[Opening MATERIAL TO PROCESS section]

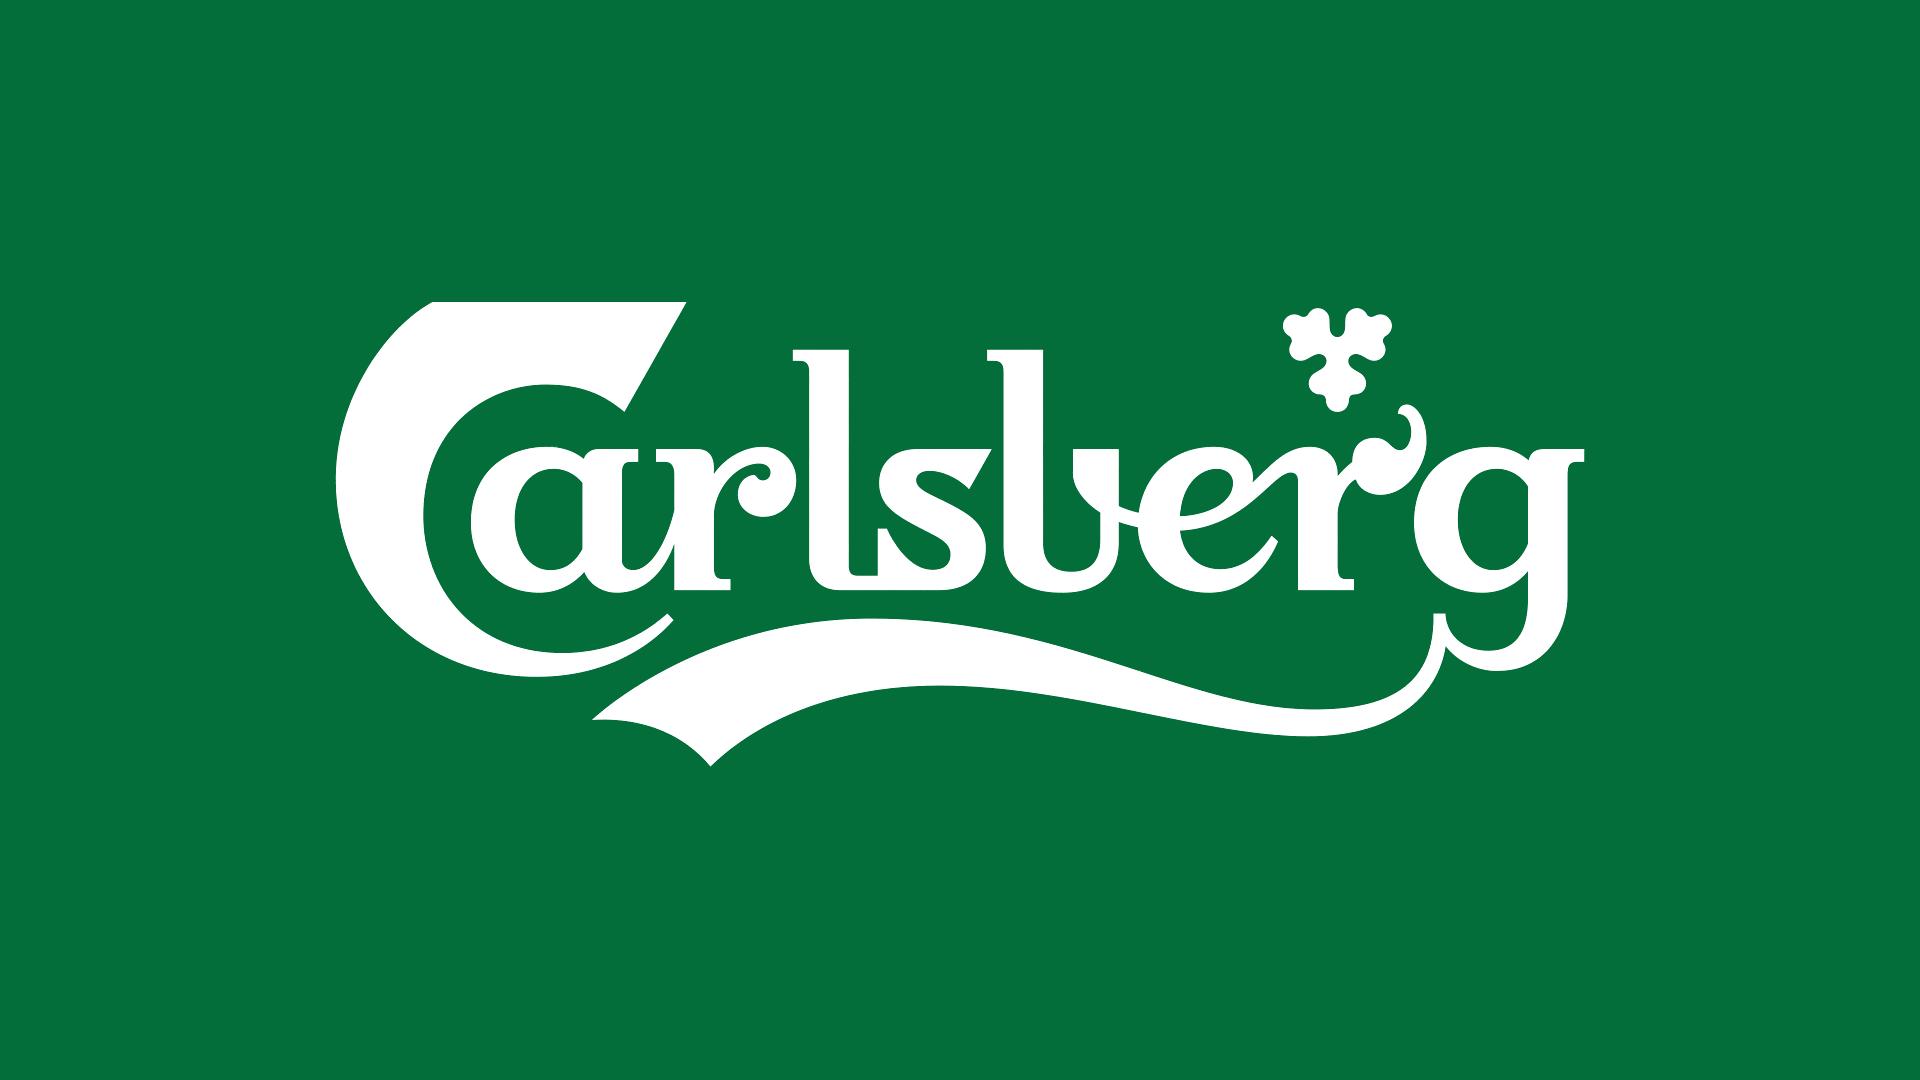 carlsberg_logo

[Closing MATERIAL TO PROCESS section]
[Opening MATERIAL TO PROCESS section]

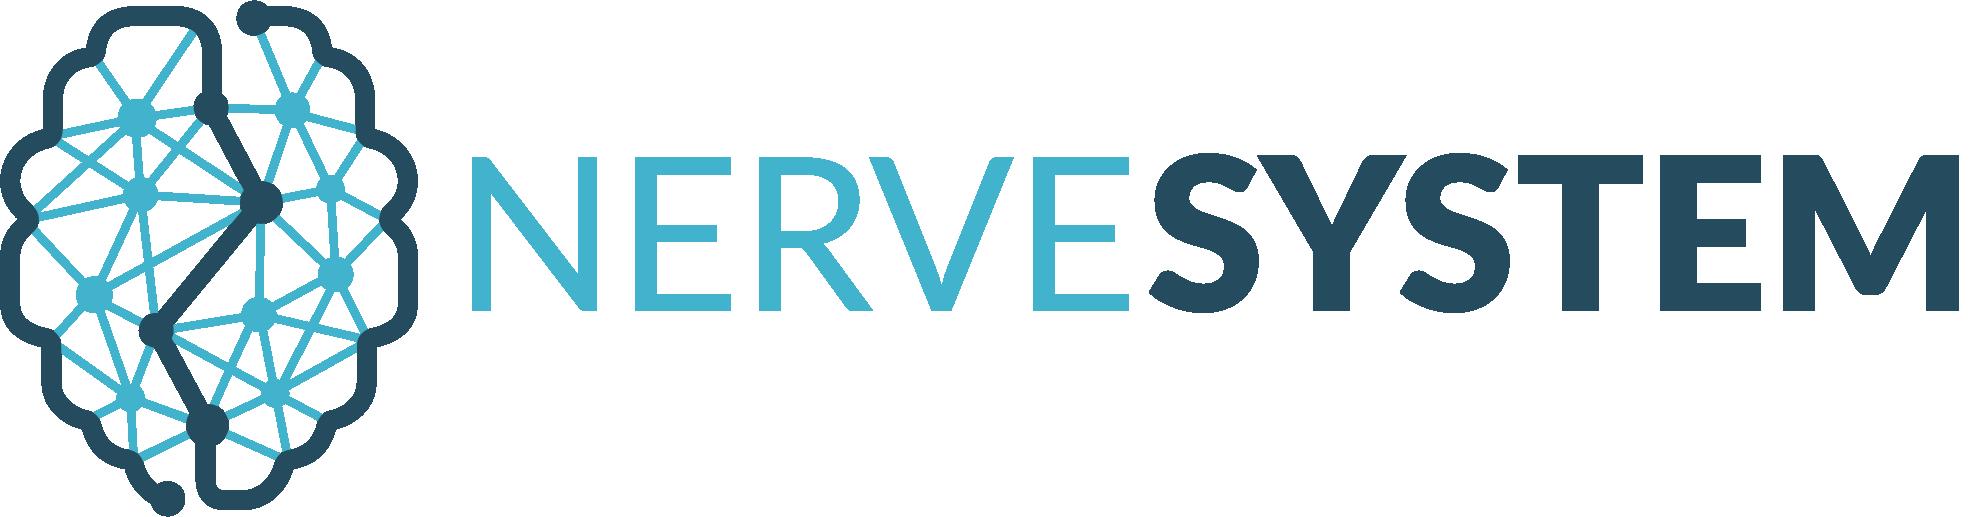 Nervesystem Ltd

[Closing MATERIAL TO PROCESS section]
[Opening MATERIAL TO PROCESS section]

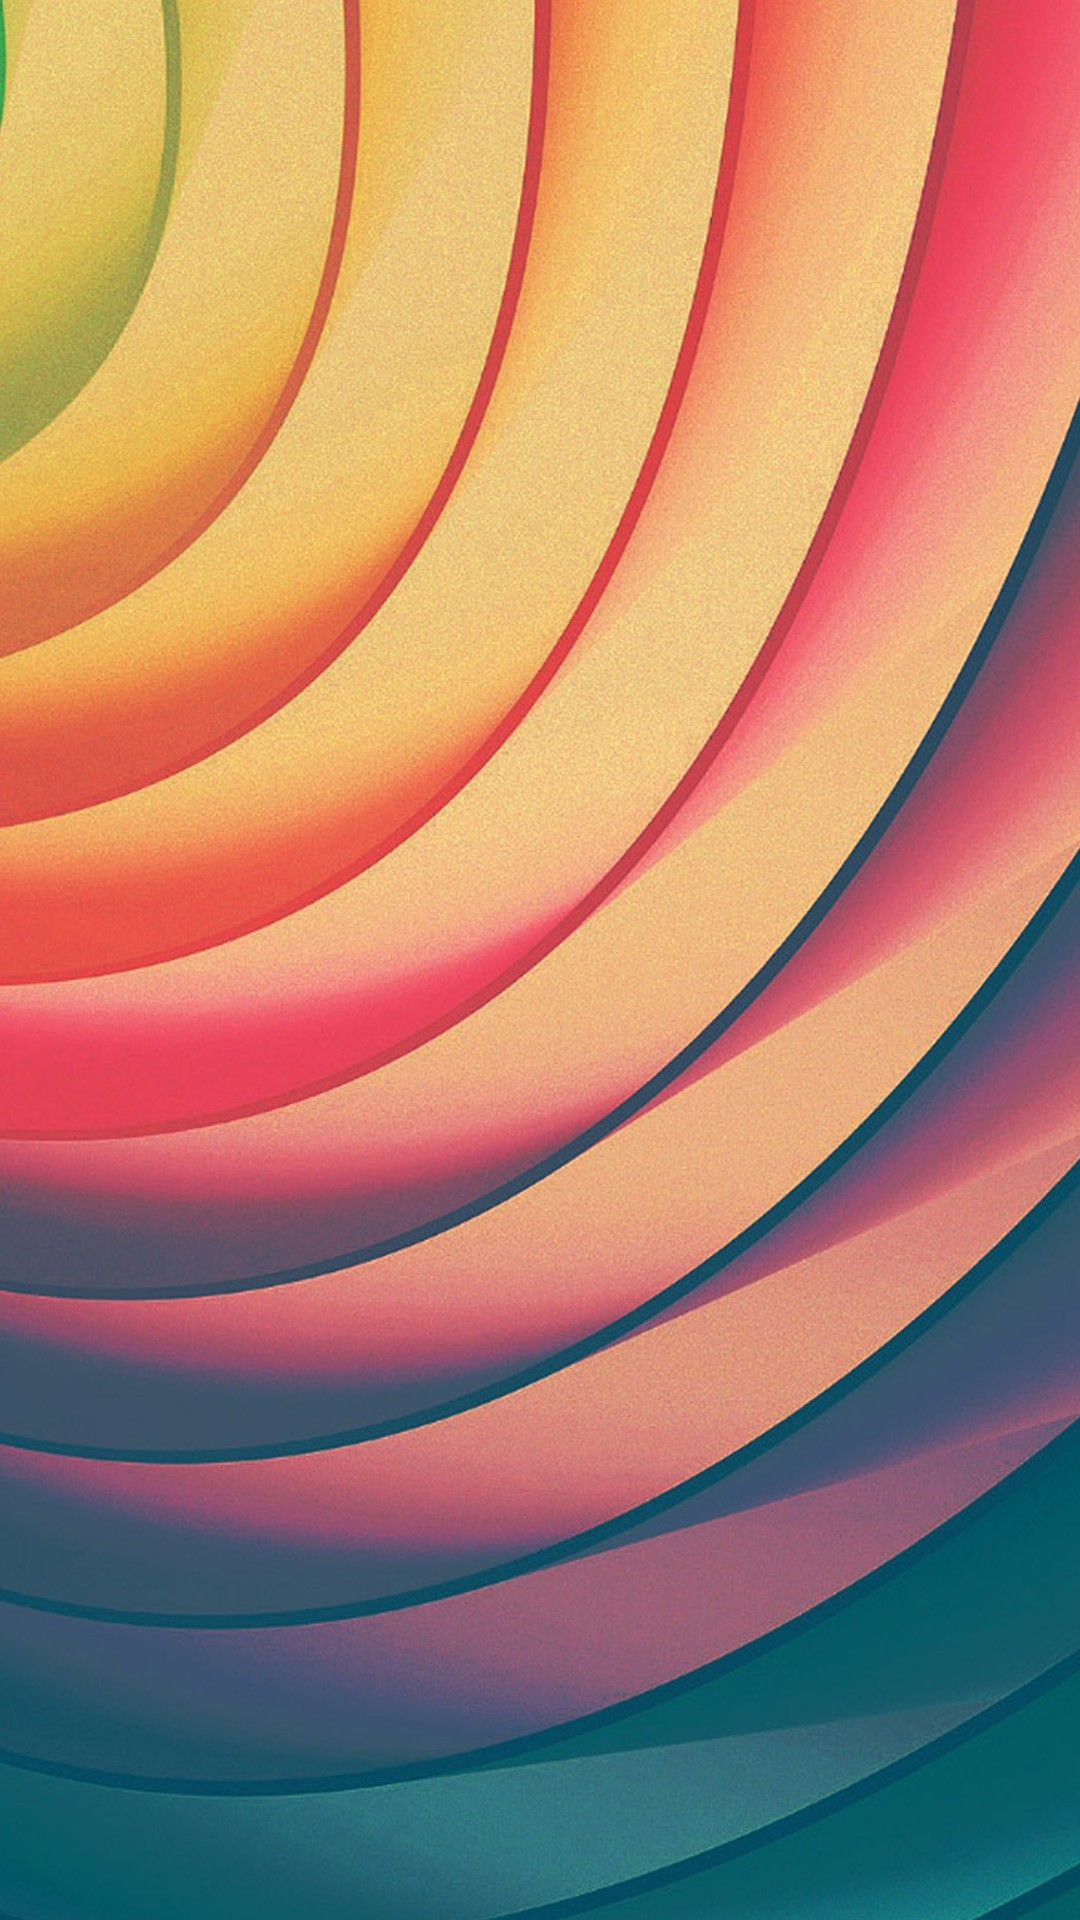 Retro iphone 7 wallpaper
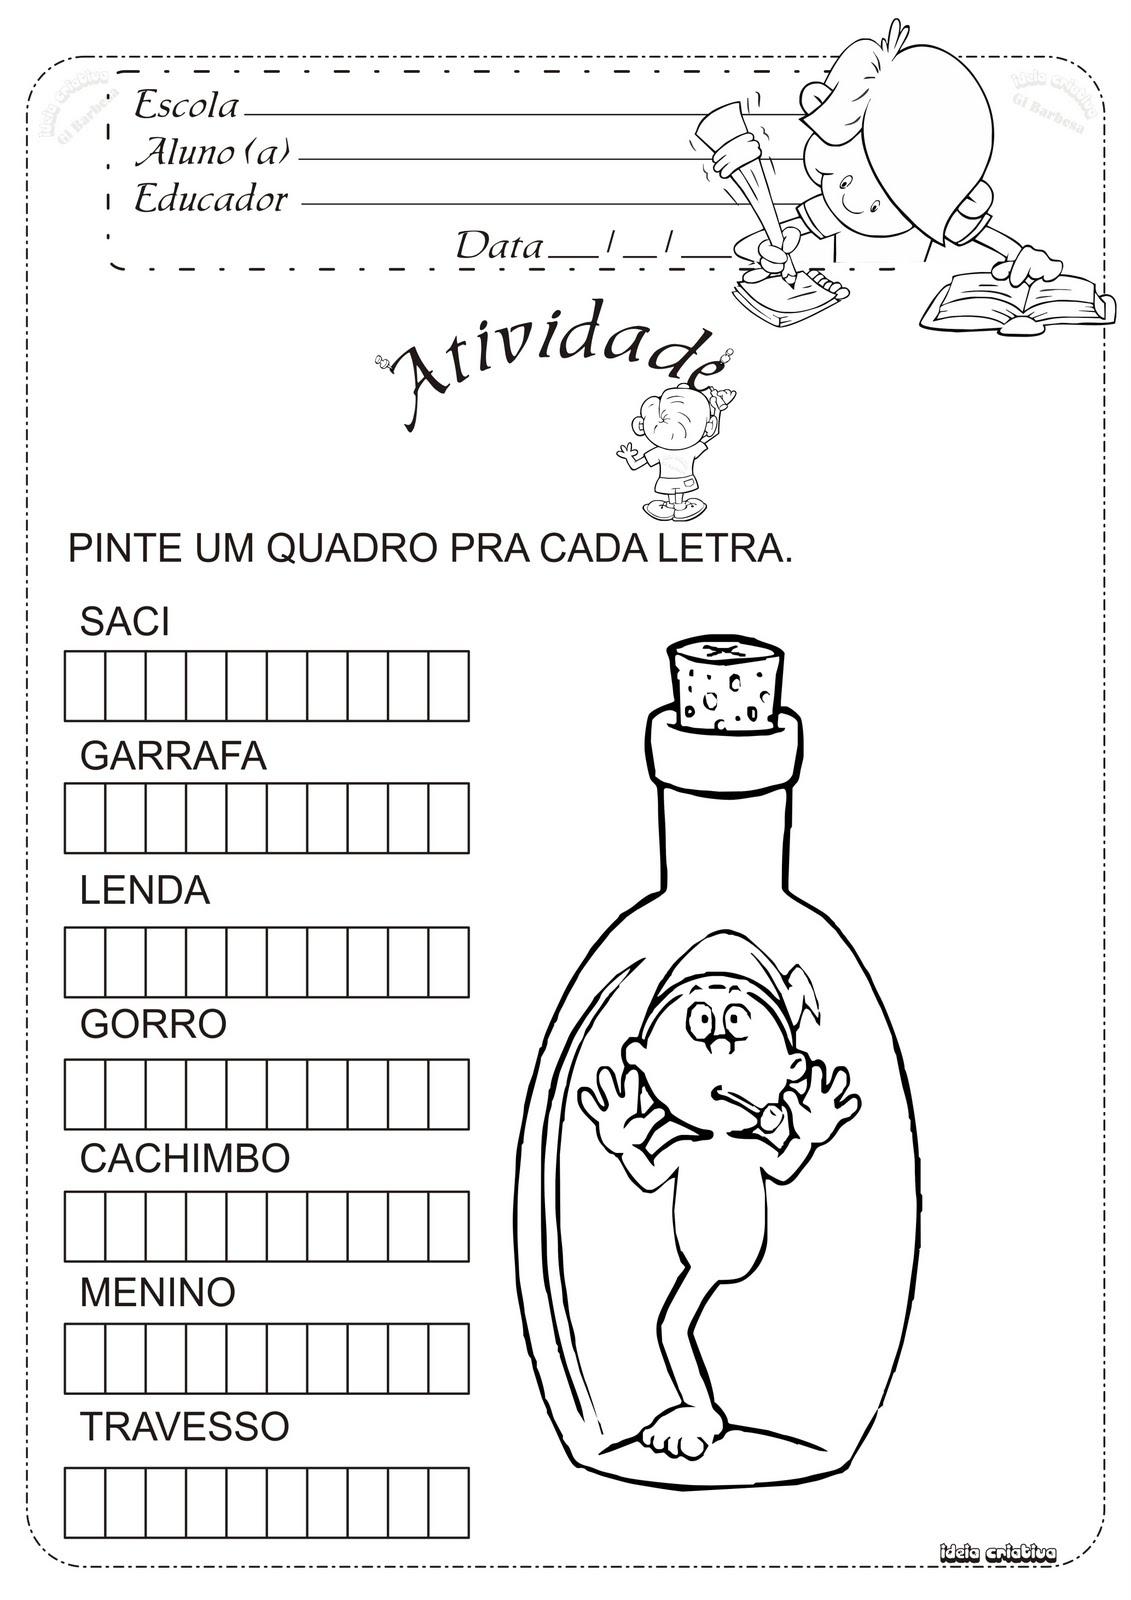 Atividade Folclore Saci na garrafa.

[Closing MATERIAL TO PROCESS section]

- **THE TASK**:
Take the material above from the line containing "Retro iphone 7 wallpaper" up to and including the line containing "Atividade Folclore Saci na garrafa." and retype it exactly, without any pictures.

- **COMPLETED TASK**:
 Retro iphone 7 wallpaper
 Atividade Folclore Saci na garrafa.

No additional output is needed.